## [SUPPLIED DATA]
^^^^

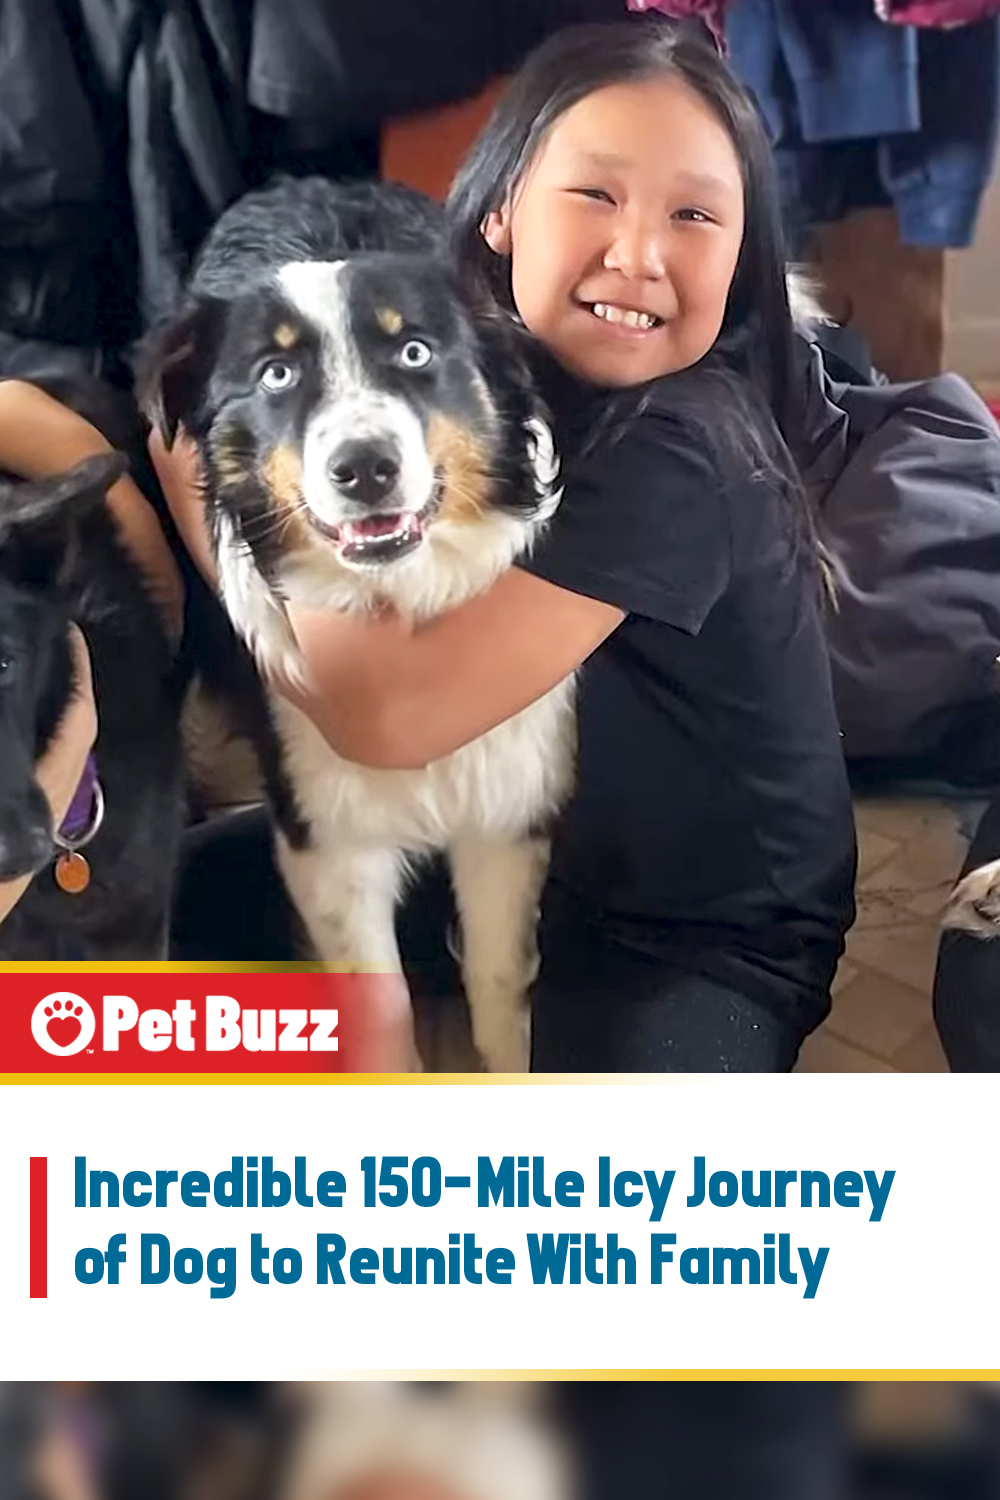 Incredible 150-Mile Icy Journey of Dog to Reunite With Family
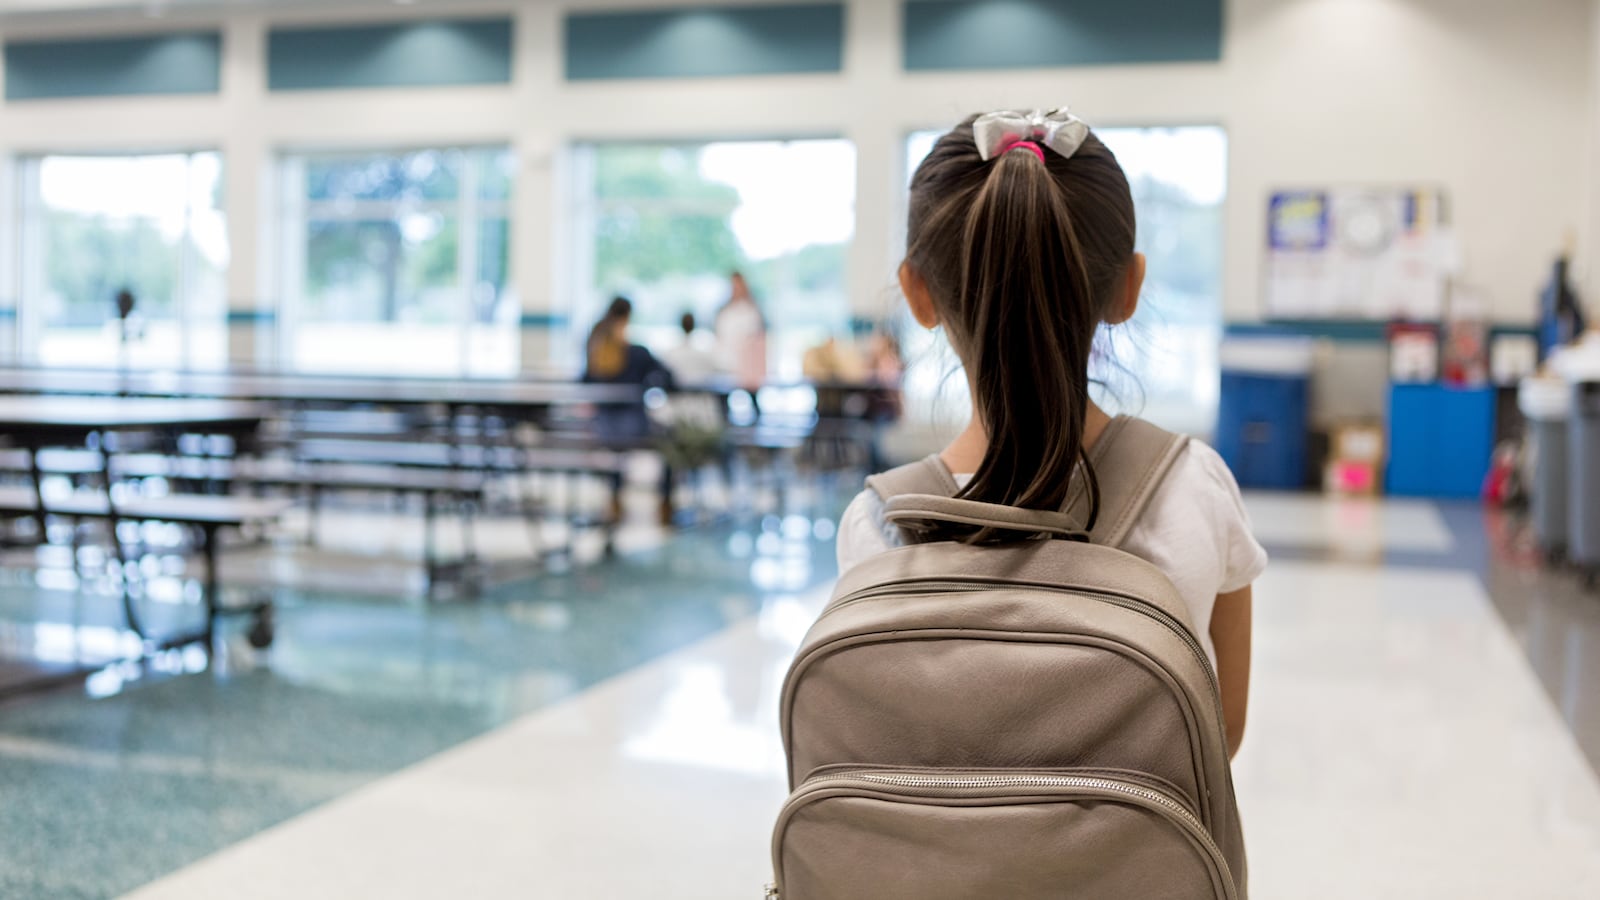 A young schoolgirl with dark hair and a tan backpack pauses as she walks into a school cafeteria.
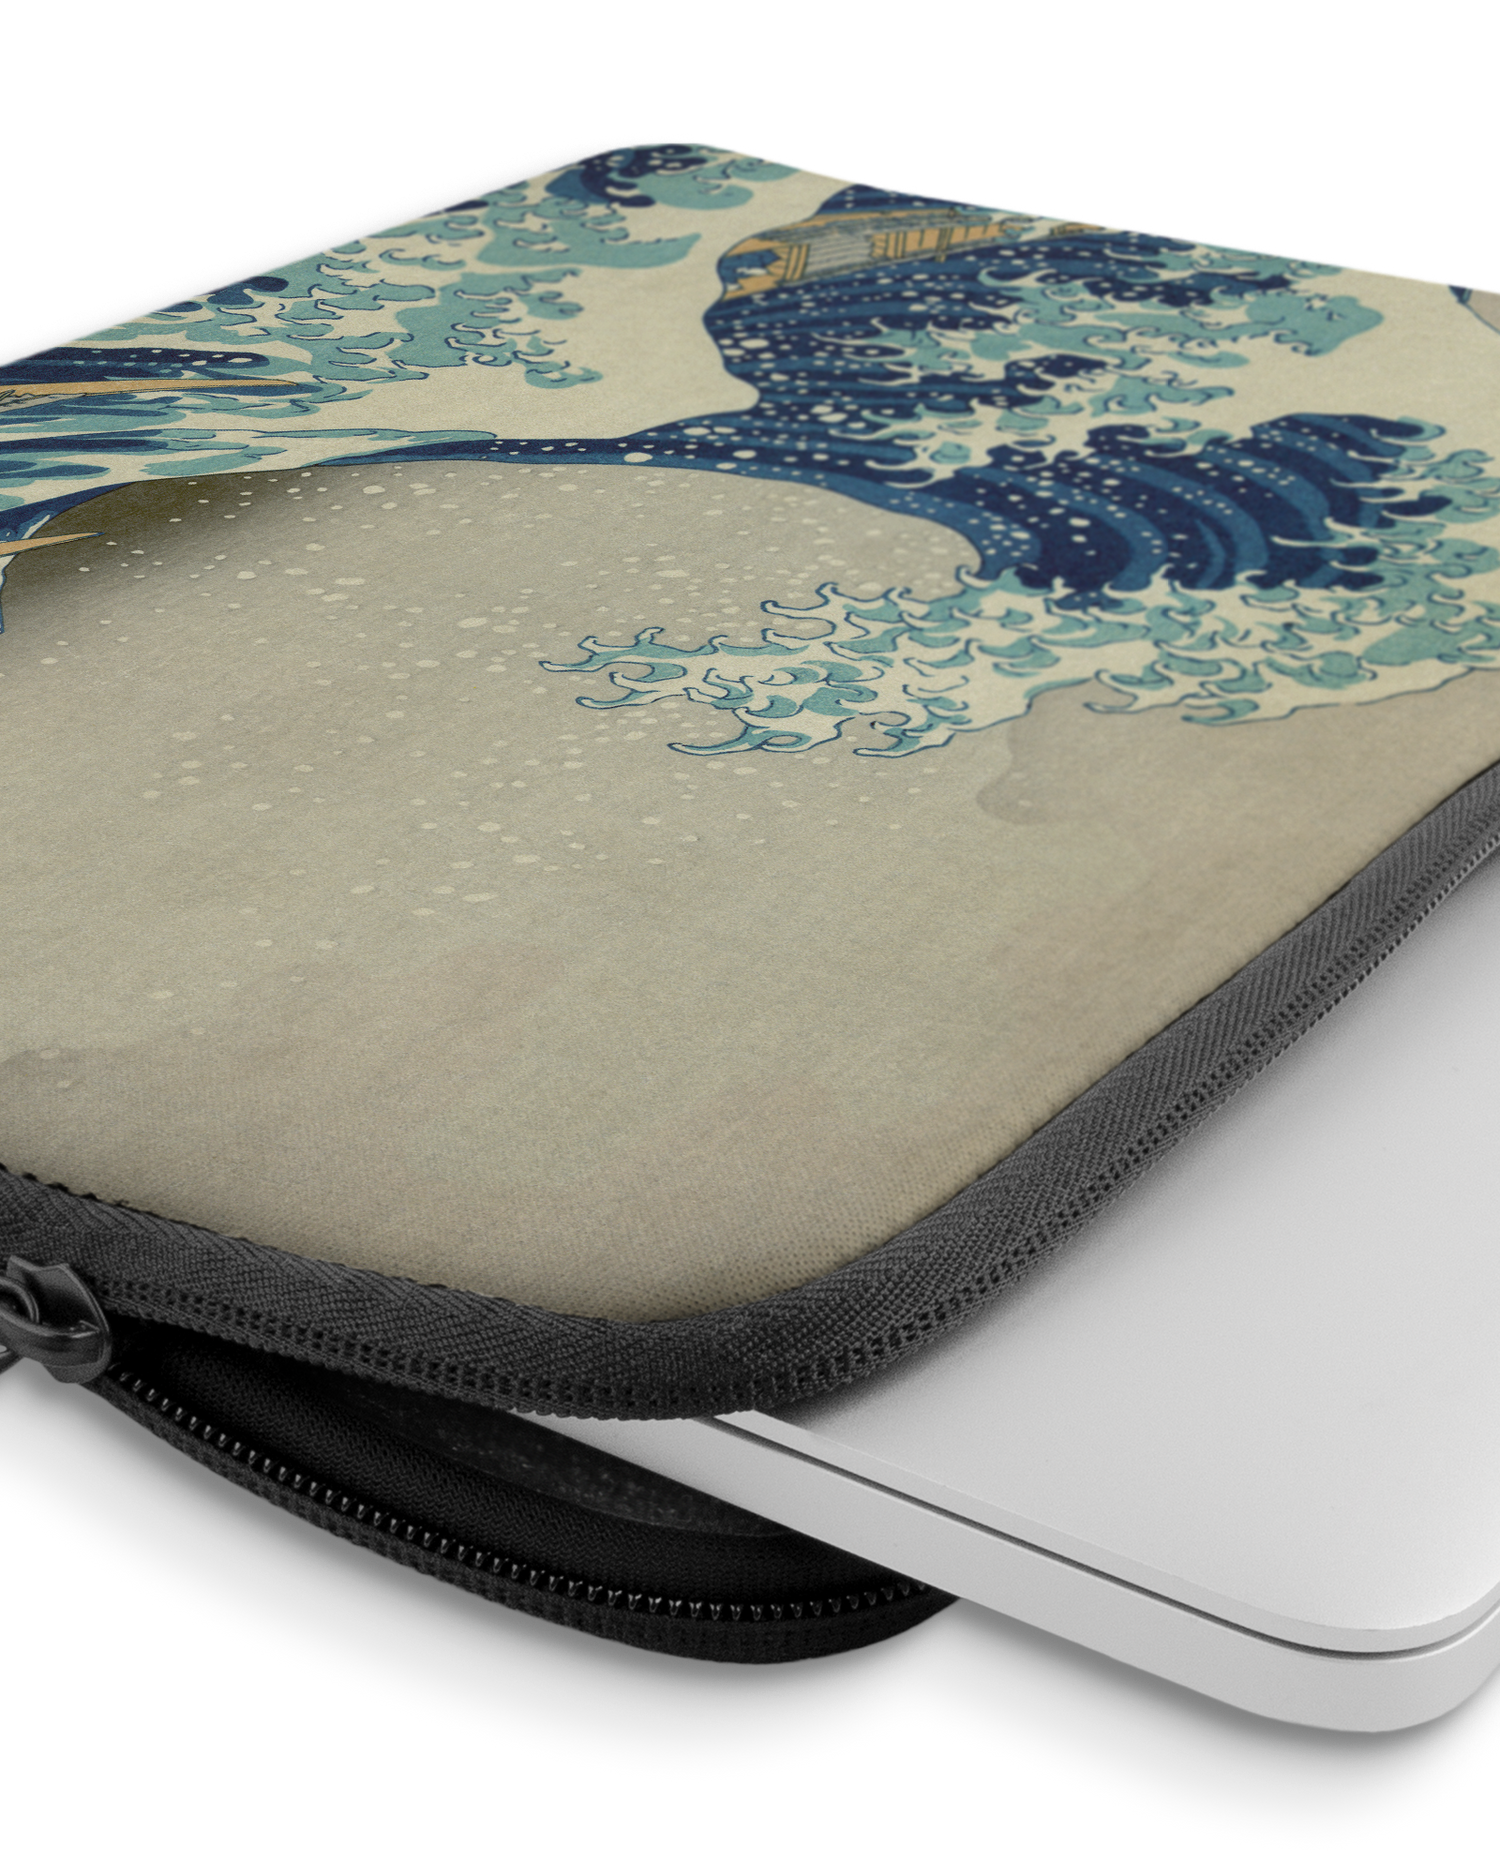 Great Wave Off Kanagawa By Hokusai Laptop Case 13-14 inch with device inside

^^^^

## [EXERCISE]
Exactly as written above, print every line of the data but not its pictures.

## [RESPONSE]
 Incredible 150-Mile Icy Journey of Dog to Reunite With Family
 A young schoolgirl with dark hair and a tan backpack pauses as she walks into a school cafeteria.
 Great Wave Off Kanagawa By Hokusai Laptop Case 13-14 inch with device inside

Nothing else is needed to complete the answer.